Поезд пишет пароходу - Анна Лихтикман
Шрифт:
Интервал:
«Золотой чемпион», который я наметил себе целью, был уже недалеко. Я решил идти туда, потому что смутно помнил, что видел там не то павильоны, не то беседки, которые сошли бы мне сейчас для ночевки. Я приблизился к спуску в долину, где был расположен пансионат.
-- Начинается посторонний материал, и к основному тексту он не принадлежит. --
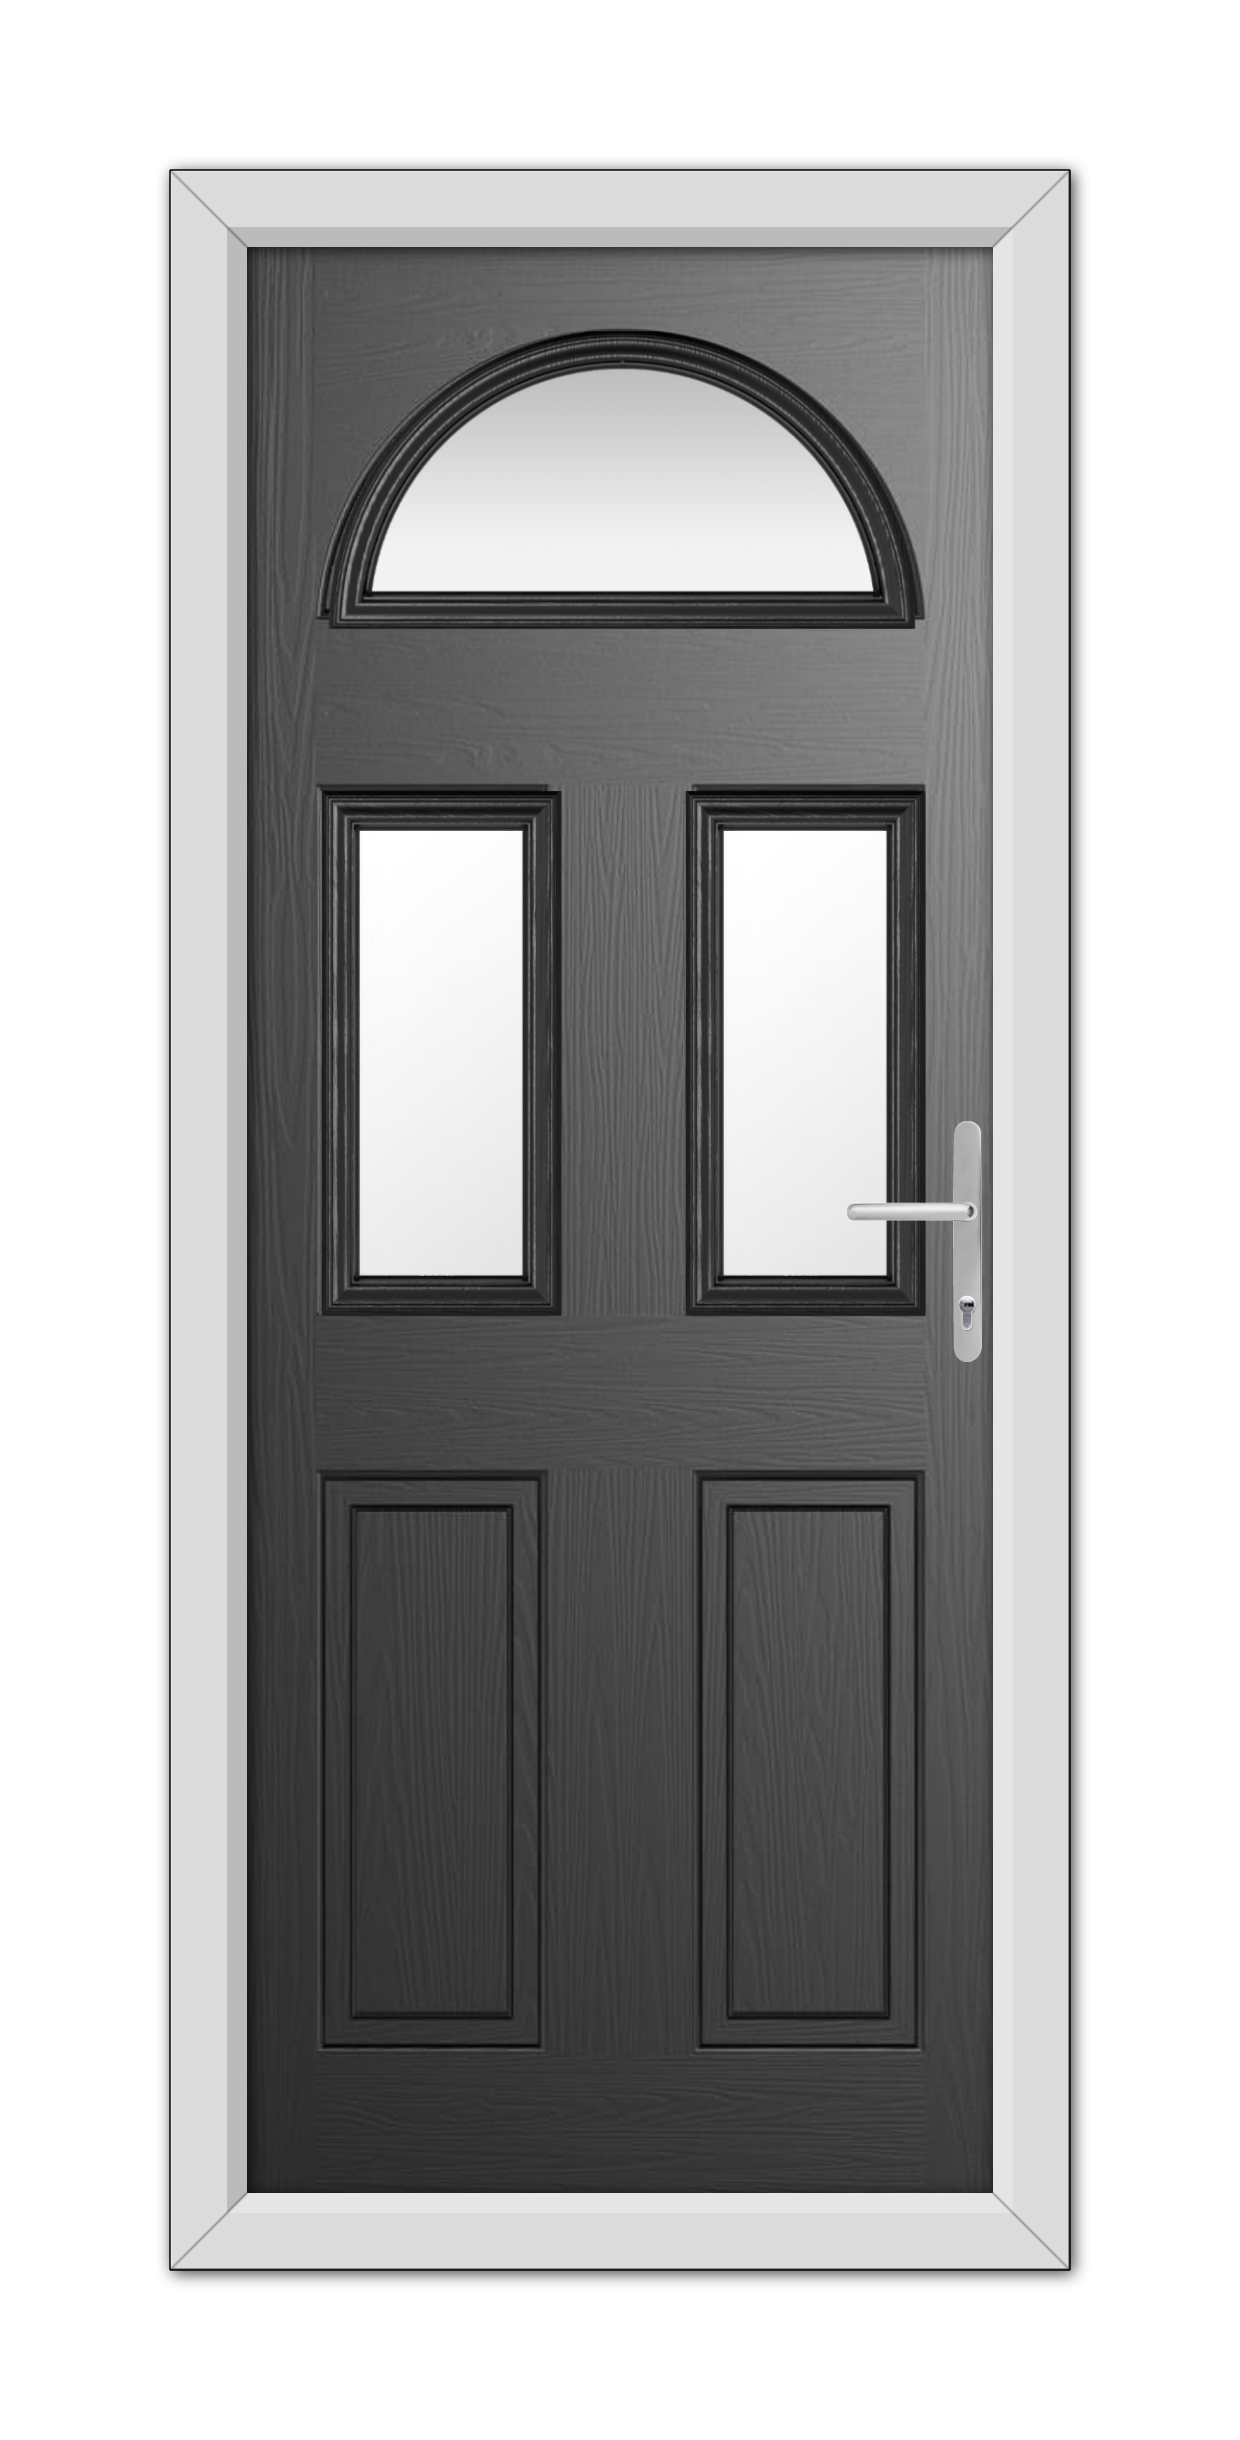 A modern Black Winslow 3 Composite Door 48mm Timber Core with a semicircular transom window and two vertical glass panels, set in a white frame with a metallic handle.

Вниз вел серпантин, огибавший террасы, на которых росли старые оливы. Наконец я ступил на дорожку пансионатского парка. Я не помнил, в какой его части располагались павильоны и сарайчики, которые когда-то здесь приметил. Пришлось просто идти наугад. Я шел быстро, ведь здесь уже можно было встретить охранника.
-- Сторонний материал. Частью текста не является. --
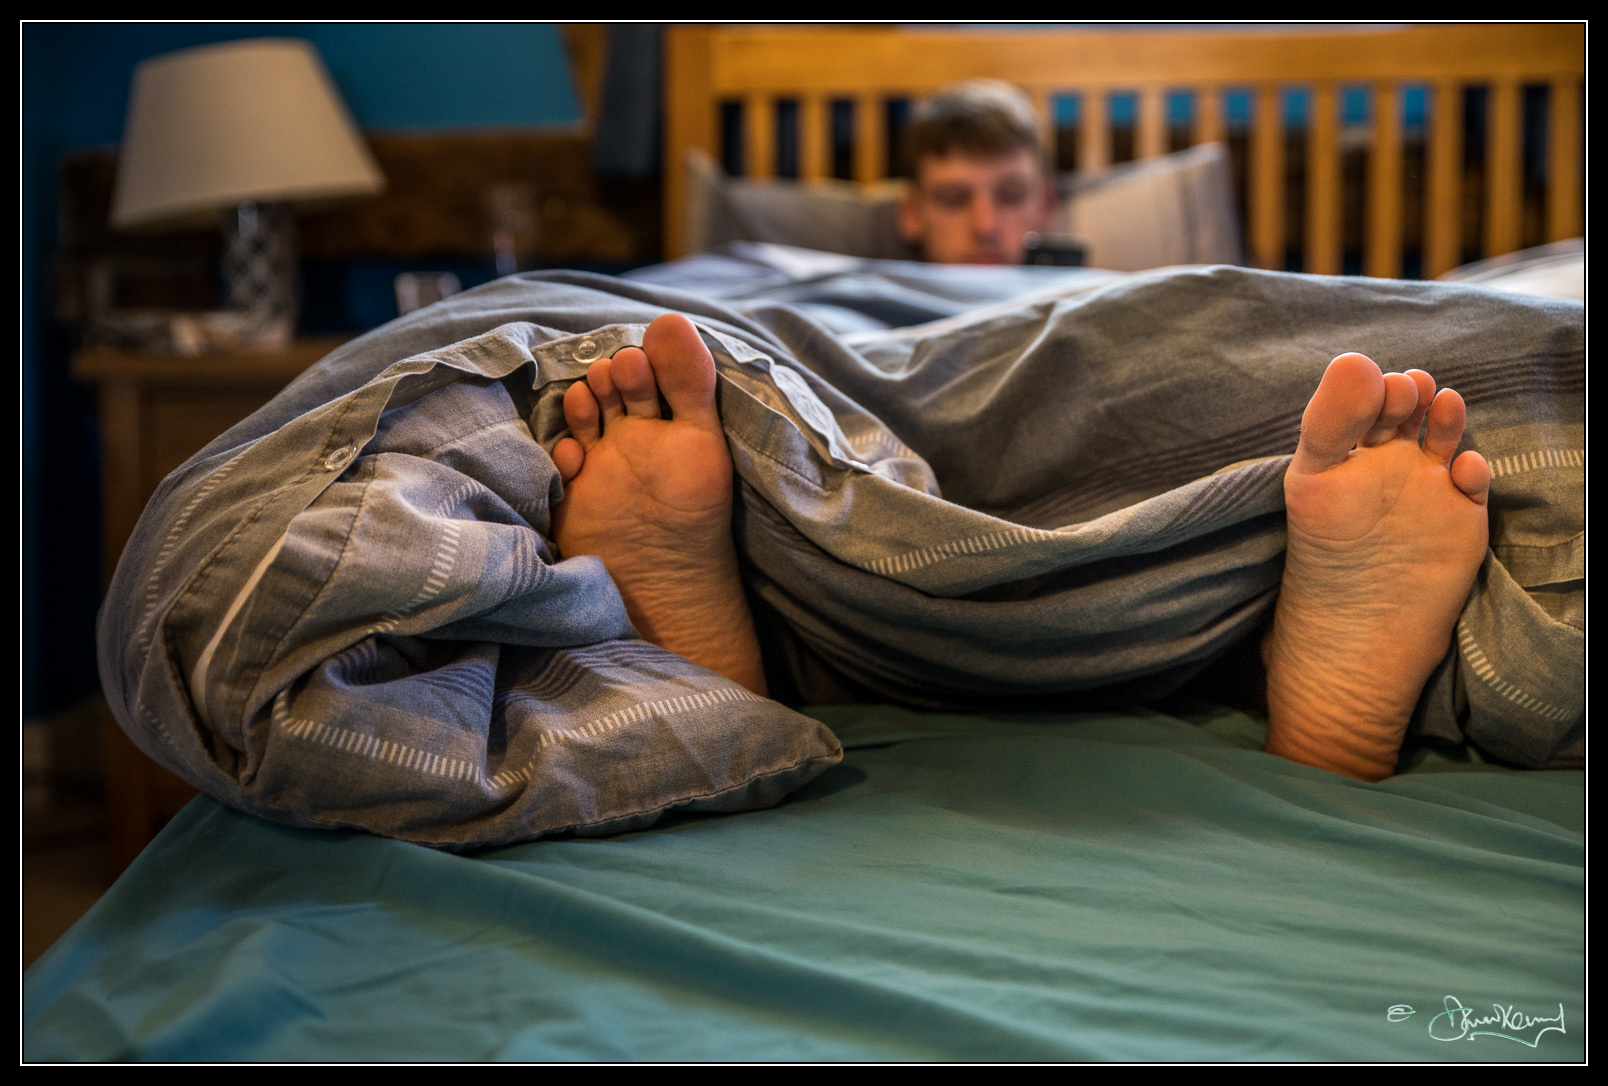 These Feet Were Made for Lounging, David Kessel

— Молодой человек! — Я замер, но сразу успокоился. Голос пожилой женщины, которая обращалась ко мне на русском, не нес никакой угрозы: наоборот — домашний, немного беспомощный, он был противоположным полюсом всего, чего я сейчас опасался. Я поднял глаза. Балкон, на котором стояла женщина, утопал в зелени, скрывшей всю остальную постройку, — похоже, это был банкетный зал — его я не заметил за зарослями. Теперь я увидел и железную лесенку, ведущую, видимо, на ресторанную кухню. Женщина с сигареткой стояла на первой площадке. Ее прическа напоминала свежестриженный газон, на который пролили оранжевую краску. Одета она была нарядно: в черную атласную рубаху с китайской вышивкой на необъятном бюсте. Я стоял, не зная, что ответить, но, похоже, она и не ждала ответа. — Молодой человек, миленький, помогите нам. Тут буквально пара минут. Нам сюда, видите, ящик подвезли, а мне самой не дотащить.
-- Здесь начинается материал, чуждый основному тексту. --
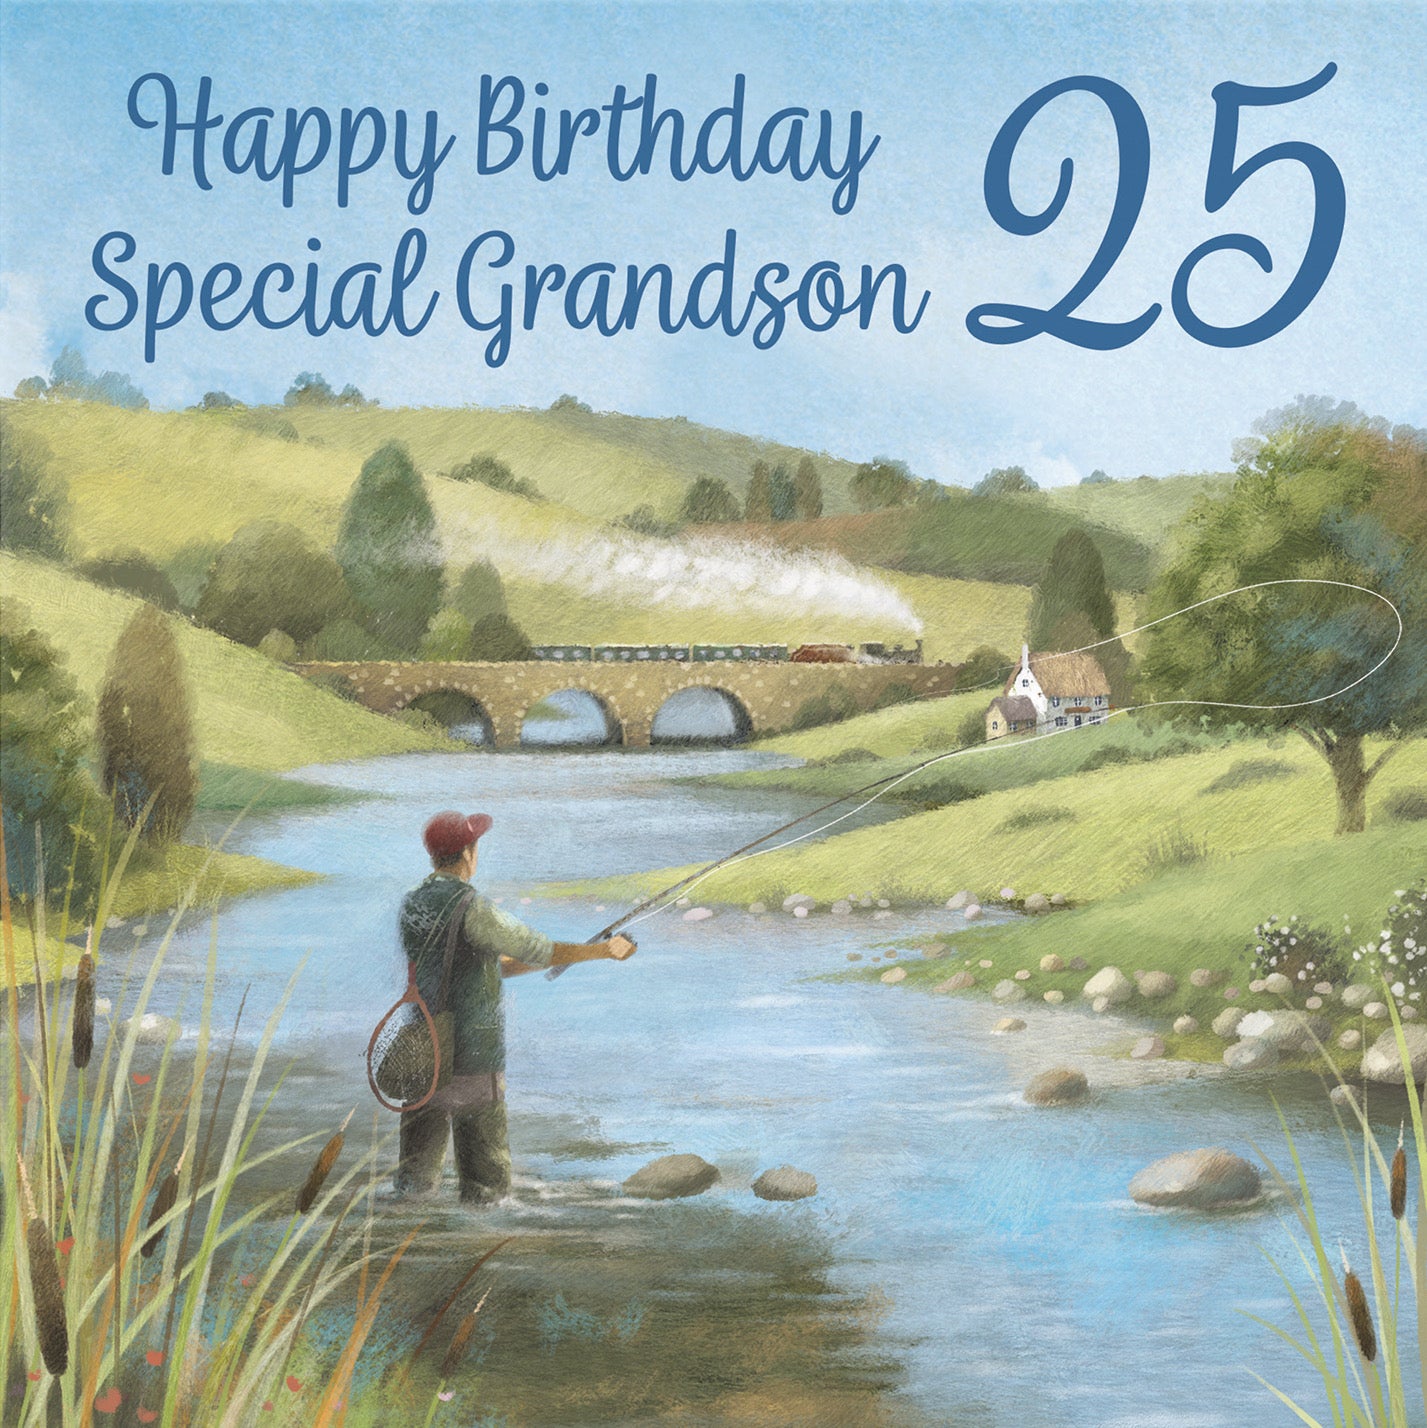 25th Grandson Fly Fishing Birthday Card Milo's Gallery - Default Title (B0CQWST1PW)

Убегать не стоило. Я поднял ящик и понес по лесенке, стараясь двигаться так, чтобы куртка не распахивалась и скрывала замызганную футболку. Потом мы долго шли по узкому коридору. На спине у нее было вышито огромное павлинье перо, которое смотрело на меня как круглый глаз: недоуменно и недоверчиво, словно зная обо мне все. Но вот мы оказались в служебной проходной комнатке. В приоткрытую дверь виднелся банкетный зал, где, похоже, начинался праздник. За столиком, заваленным обрезками стеблей и целлофана и заставленным салатницами, сидела еще одна дама. У нее была такая же короткая стрижка, как и у первой, но похожая уже не на окрашенный, а на выжженный газон. Она плакала. Я поставил ящик и пошел было к двери, но Рыжий газон кивнула мне на пустой стул. Мне некуда было спешить, к тому же, в глубине души я считал, что человек, отделенный от всех, к кому он мог бы вернуться, заслуживает чудесного шанса, как минимум одного. Не стоит отбегать от двери, которая приоткрылась навстречу. Я сел. Рыжая тоже подсела к столику боком, вздохнув, пододвинула к себе большое керамическое блюдо с фруктовым салатом и принялась есть, рассеянно подцепляя кусочки вилкой и покачивая ногой в бархатной туфельке.
— Я выкладываюсь! — вдруг произнесла Выжженный Газон голосом, гундосым от слез. — Я выкладываюсь, а они говорят, что я выделываюсь!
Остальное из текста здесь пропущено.